* [COLLECTED DATA]
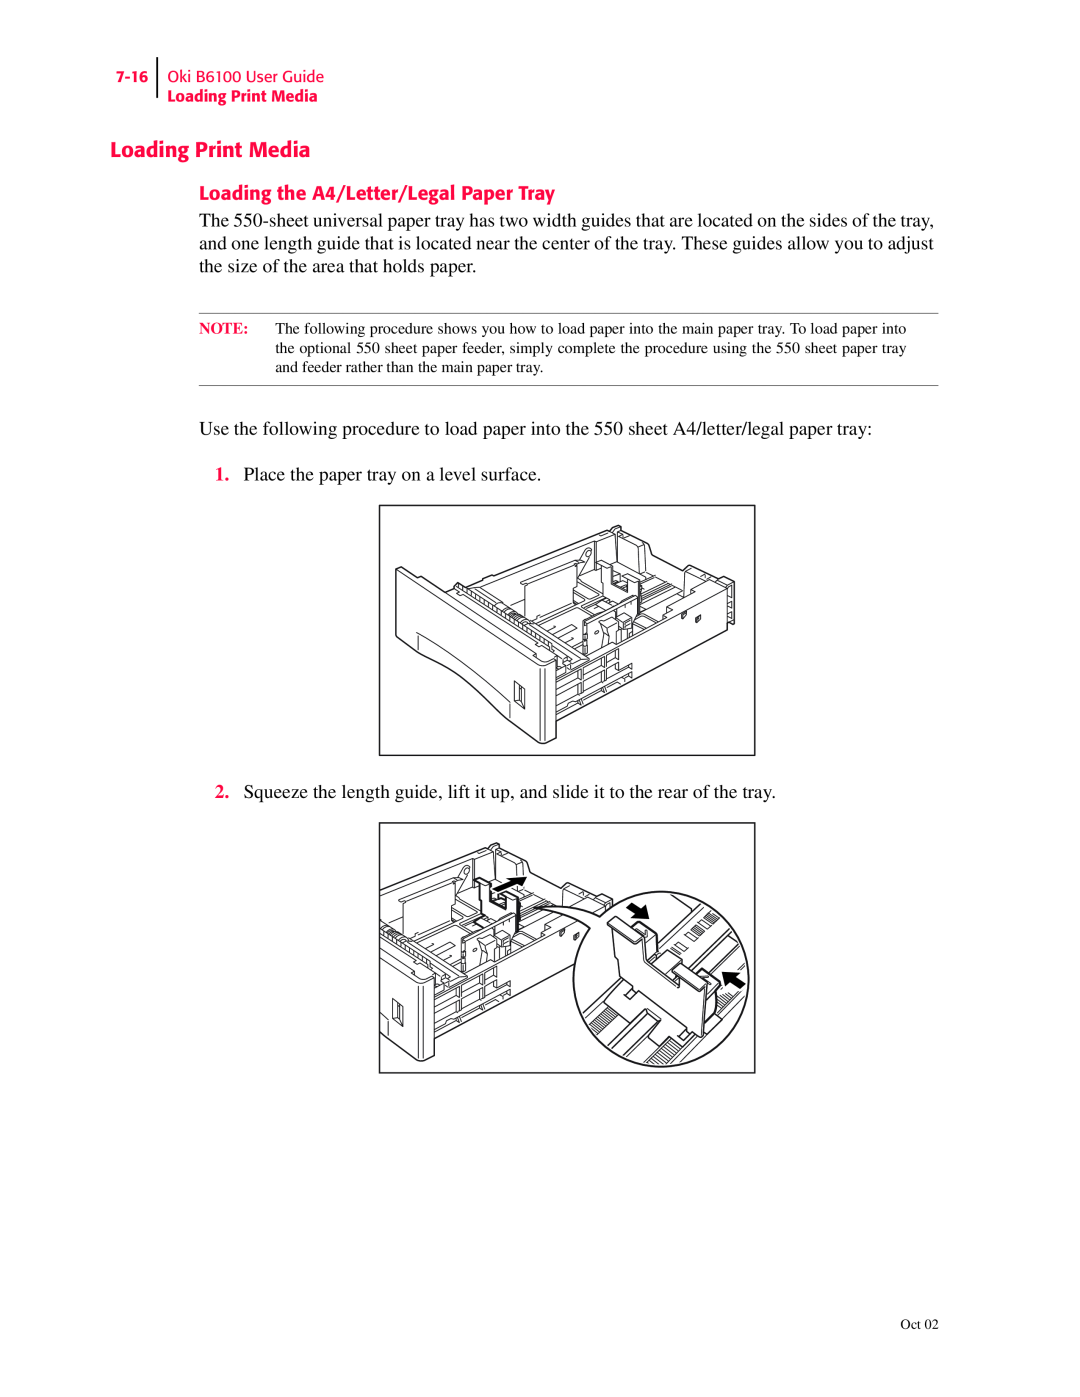 Oki 6100 manual Loading Print Media, Loading the A4/Letter/Legal Paper Tray 
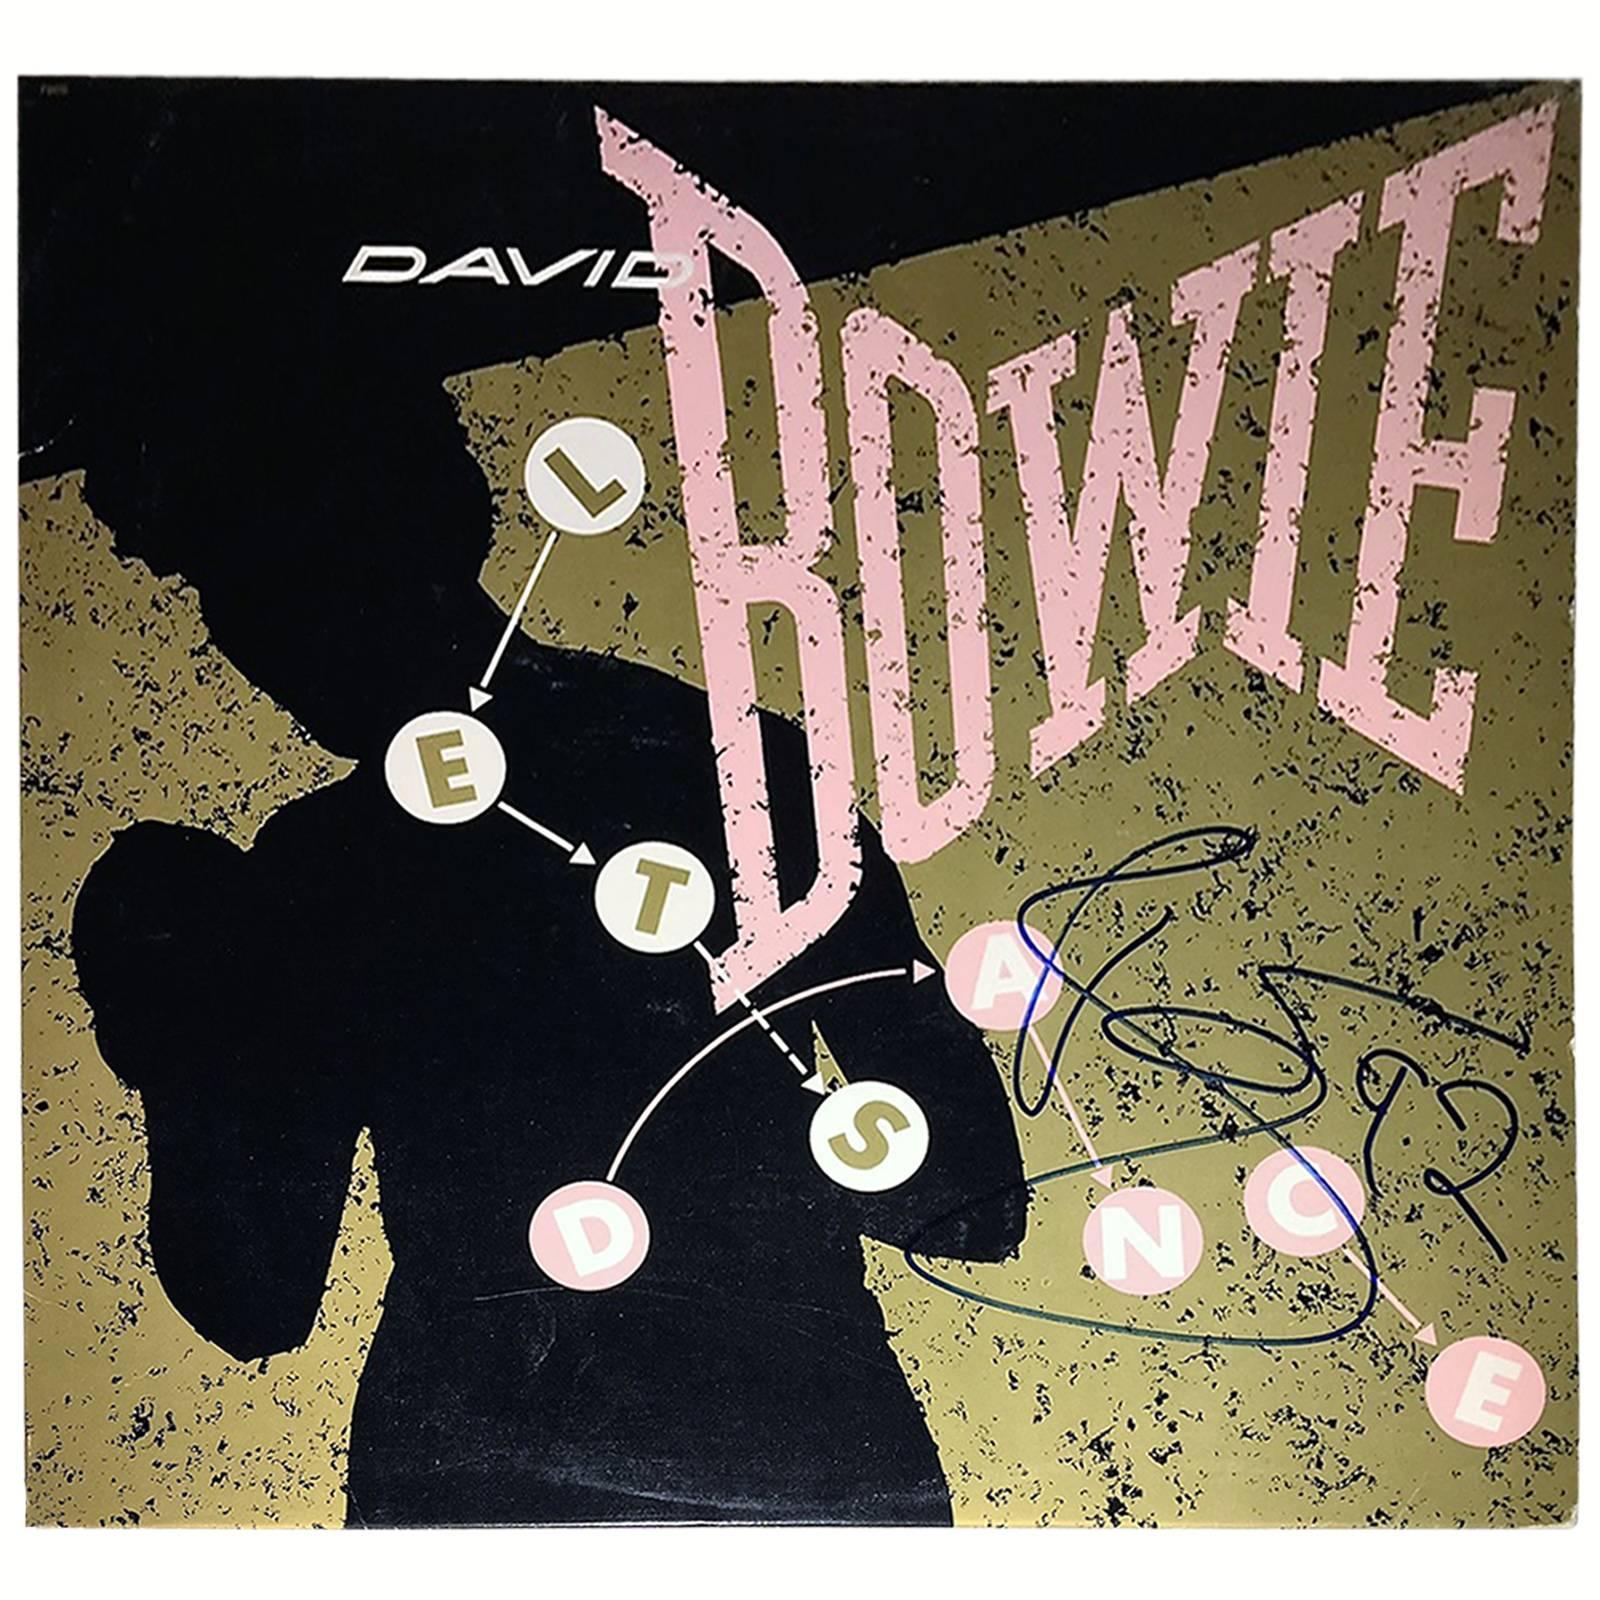 David Bowie Autographed 'Let's Dance' Single Record Cover For Sale
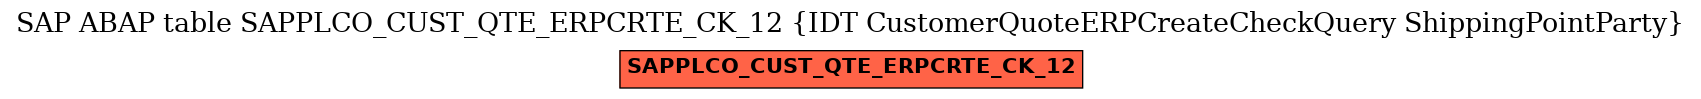 E-R Diagram for table SAPPLCO_CUST_QTE_ERPCRTE_CK_12 (IDT CustomerQuoteERPCreateCheckQuery ShippingPointParty)

* [TASK OBJECTIVE]
With the pictures removed, copy the data above word for word.

* [SOLUTION FOR THIS PROBLEM]
 Oki 6100 manual Loading Print Media, Loading the A4/Letter/Legal Paper Tray 
 David Bowie Autographed 'Let's Dance' Single Record Cover For Sale
 E-R Diagram for table SAPPLCO_CUST_QTE_ERPCRTE_CK_12 (IDT CustomerQuoteERPCreateCheckQuery ShippingPointParty)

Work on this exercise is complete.